Python 使用自定义功能将年度数据分解为月度数据
我正试图按费用将年度订阅分为月度订阅 示例数据集-Python 使用自定义功能将年度数据分解为月度数据,python,pandas,pandas-groupby,resampling,Python,Pandas,Pandas Groupby,Resampling,我正试图按费用将年度订阅分为月度订阅 示例数据集- import numpy as np import pandas as pd df = pd.DataFrame({ 'Customer_ID': [1, 2, 3, 4, 5], 'Plan' : ['Yearly', 'Monthly', 'Monthly', 'Yearly', 'Yearly'], 'Join_Date': ['1/10/2020', '1/15/2020', '2/21/2020', '2/2
import numpy as np
import pandas as pd
df = pd.DataFrame({
'Customer_ID': [1, 2, 3, 4, 5],
'Plan' : ['Yearly', 'Monthly', 'Monthly', 'Yearly', 'Yearly'],
'Join_Date': ['1/10/2020', '1/15/2020', '2/21/2020', '2/21/2020', '3/09/2020'],
'Fee' : [120, 12, 18, 86, 144]
})
df['Join_Date'] = pd.to_datetime(df['Join_Date'])
df
在这里,客户1在2020年1月至2021年1月期间的年订阅费为120美元。我希望我的数据框通过显示该年每个月的月费($10),将2020-01和2020-12之间的费用细分为10美元($120/12个月)
我尝试了很多重采样方法,但都不起作用。一个例子-
def atom(row):
if df.Plan=='Yearly':
return (df.Fee/12)
df.groupby(pd.Grouper(key='Join_Date', freq='1M')).apply(atom)
第一个客户的预期输出-
还有其他方法吗?你在找这样的方法吗
import pandas as pd
df = pd.DataFrame({
'Cutomer_ID': [1, 2, 3, 4, 5],
'Plan' : ['Yearly', 'Monthly', 'Monthly', 'Yearly', 'Yearly'],
'Join_Date': ['1/10/2020', '1/15/2020', '2/21/2020', '2/21/2020', '3/09/2020'],
'Fee' : [120, 12, 18, 86, 144]
})
df['Join_Date'] = pd.to_datetime(df['Join_Date'])
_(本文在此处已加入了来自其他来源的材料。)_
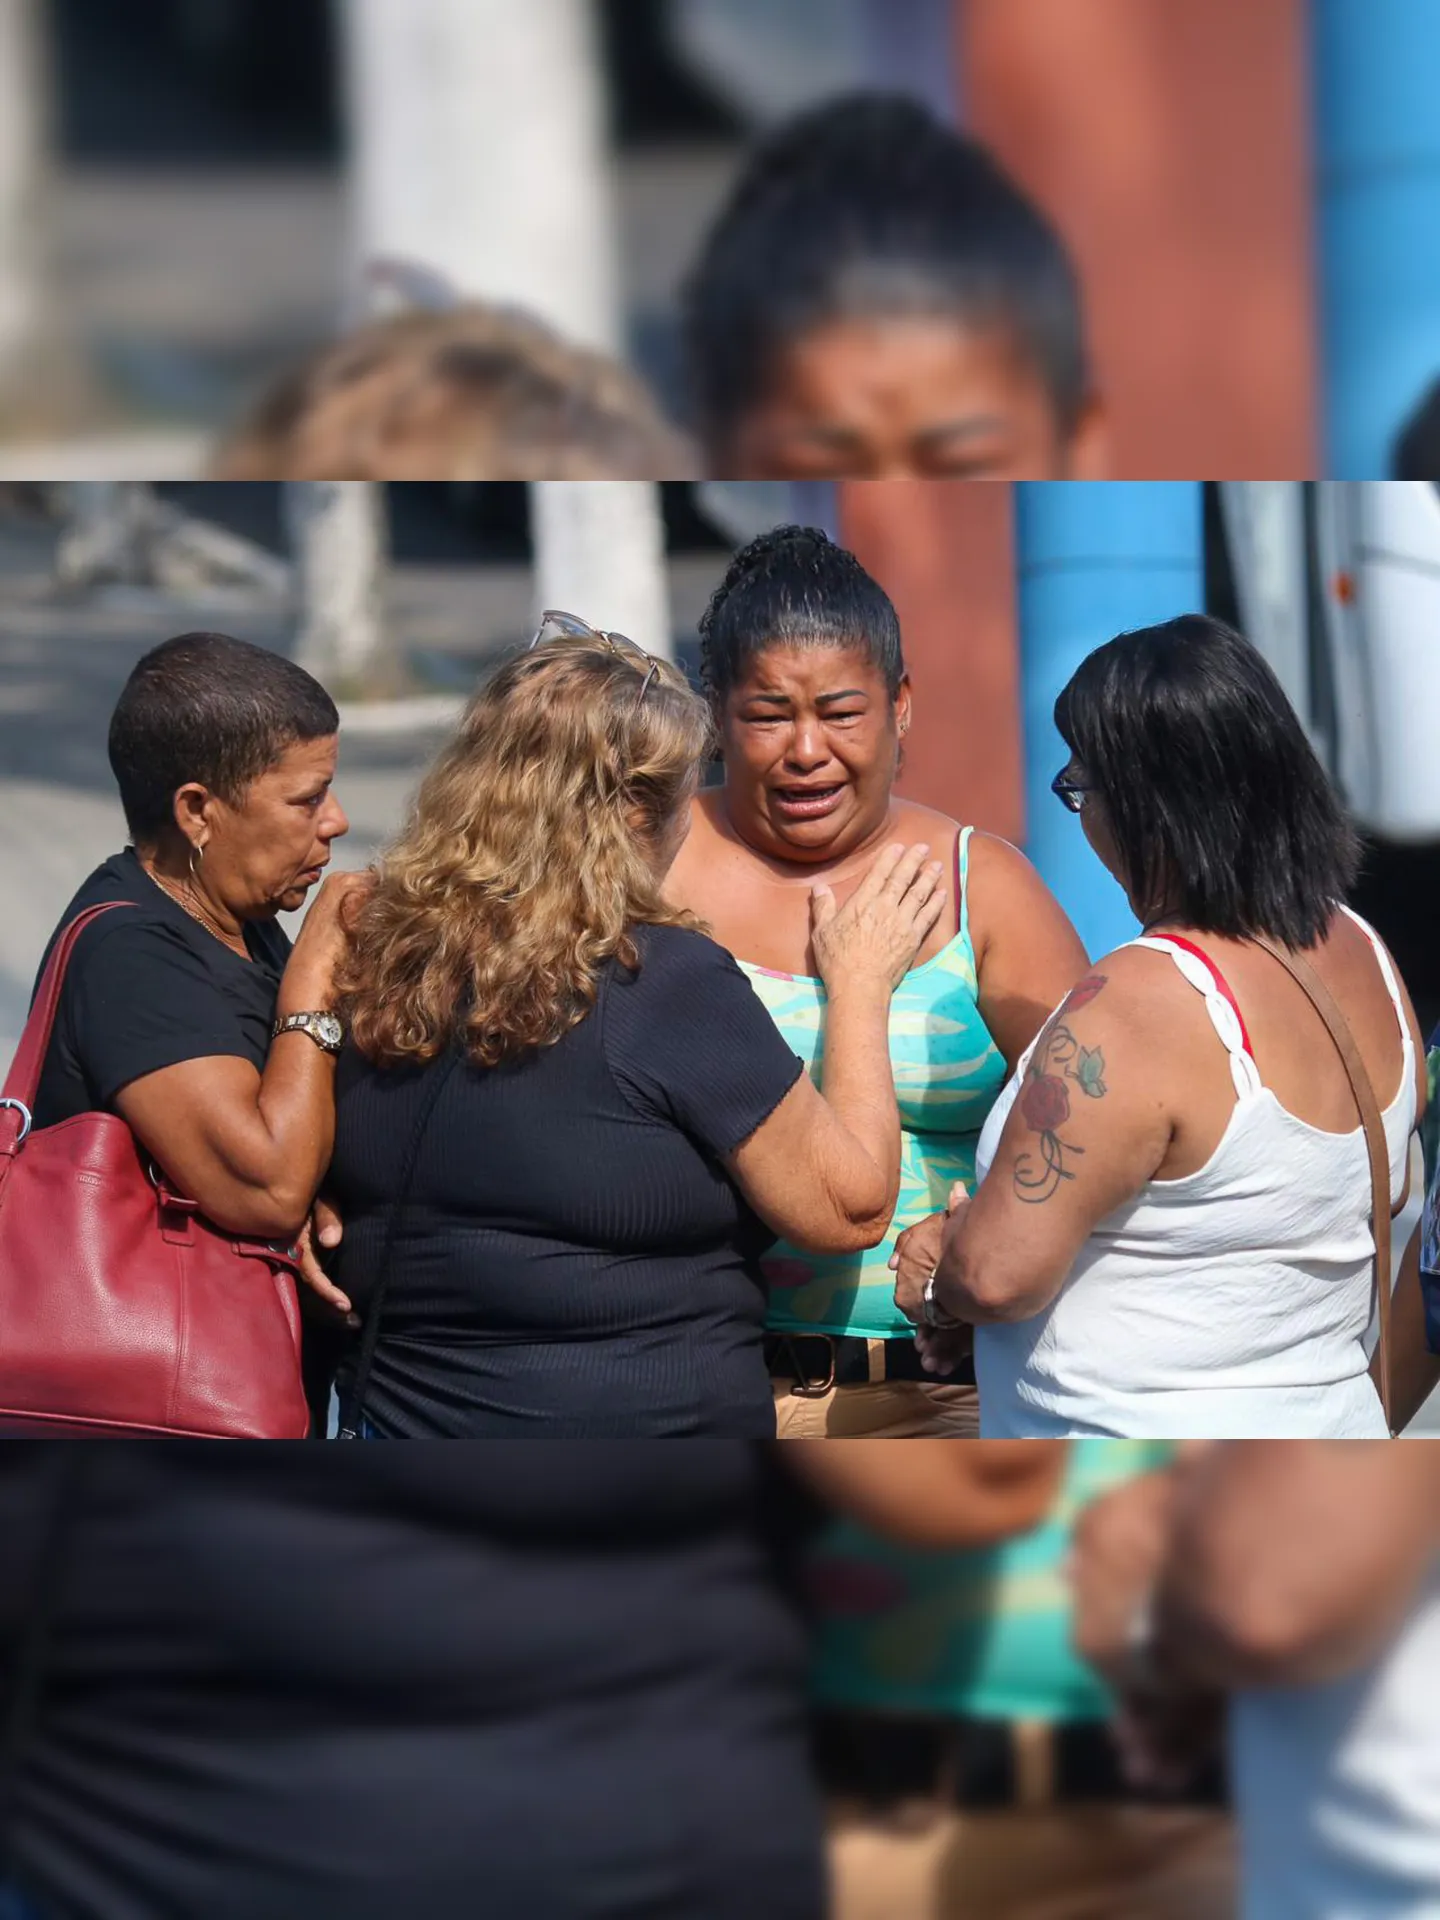 A mãe da jovem, Lucimara Dias, chegou no local por volta das 10h. Ela foi amparada por familiares
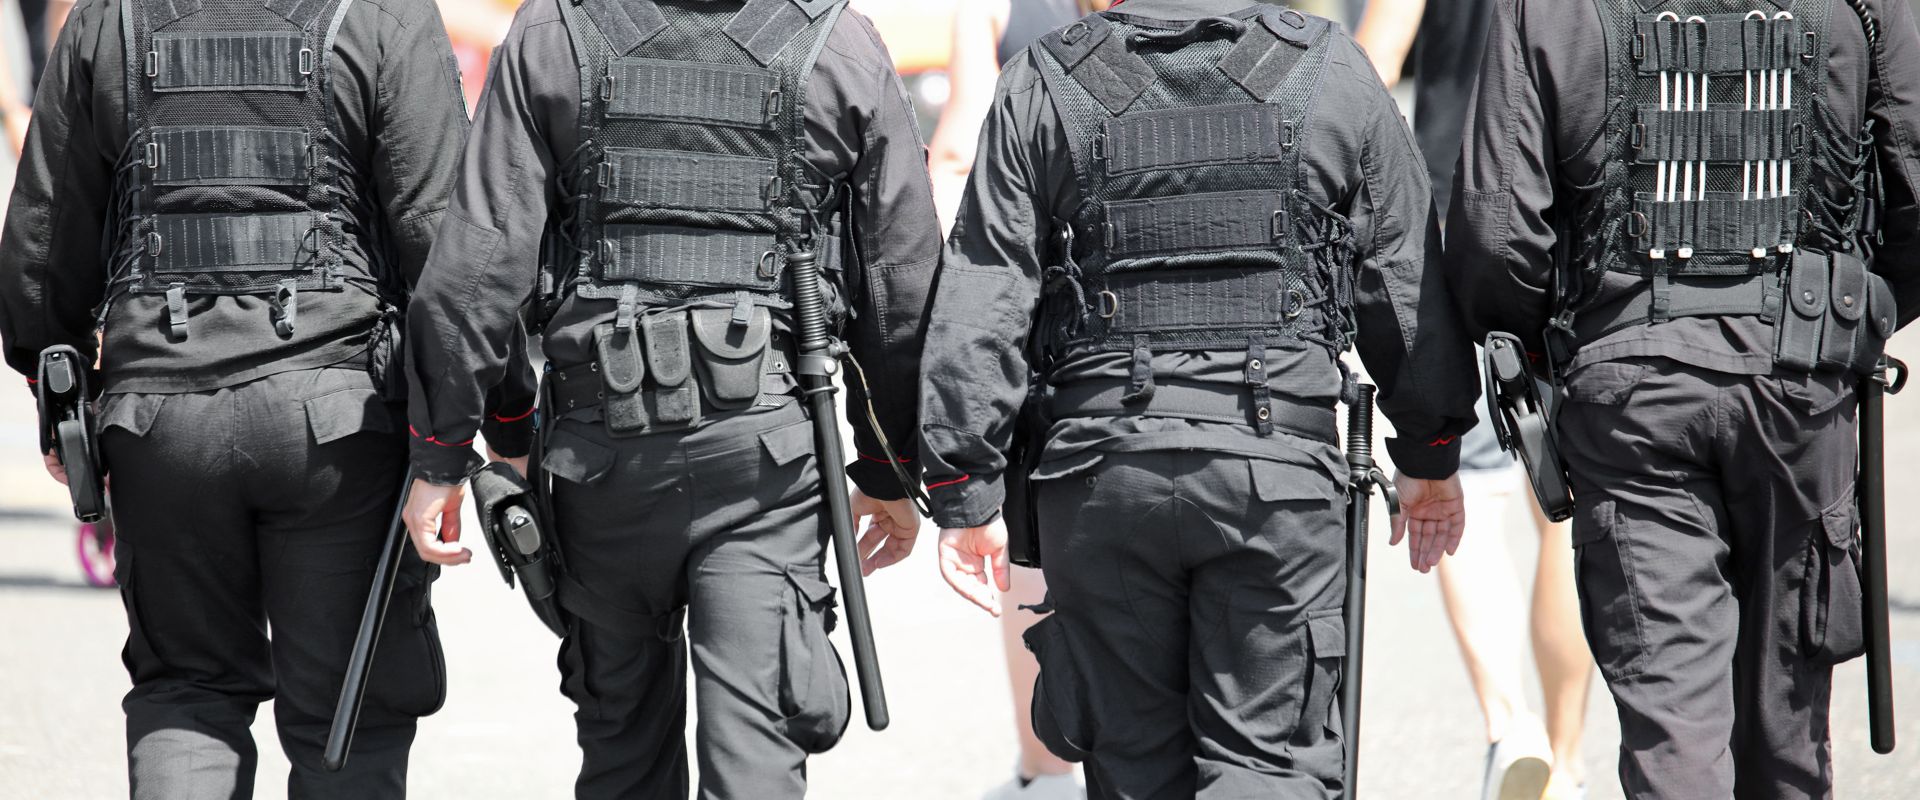 Law enforcement walking in protective gear

df['Monthly_Fee'] = df['Fee']
df.loc[df['Plan'] == 'Yearly','Monthly_Fee'] = (df.Fee/12).round(2)
print (df)
其结果将是:
Cutomer_ID Plan Join_Date Fee Monthly_Fee
0 1 Yearly 2020-01-10 120 10.00
1 2 Monthly 2020-01-15 12 12.00
2 3 Monthly 2020-02-21 18 18.00
3 4 Yearly 2020-02-21 86 7.17
4 5 Yearly 2020-03-09 144 12.00
首先通过
np.repeat()
展开年度记录。然后在df1[“计划”]=“每年”
上有选择地执行以下操作:
- 月费可以直接计算
- 可以使用
获得月增量,并映射到。这种方法接收一个groupby cumcount
,该警告可以被抑制(在代码中省略)性能警告
您的最终数据帧是否应该每个月都有一行?你能把你想要的结果添加到这个问题上吗?你能不能不简单地做
df.loc[df['Plan']='Yearly'],'new_col']=df.Fee/12
@JoeFerndz不,它不会在日期X和日期Y之间的每个月输出每月值。我试着在2020年1月到2021年1月之间的每个月在同一个数据框中显示10美元。你能发布所需的输出,以便我们知道你在寻找什么吗?
# expand the Yearly records
df1 = df.loc[np.repeat(df.index, df["Plan"].map({"Yearly": 12, "Monthly":1}))]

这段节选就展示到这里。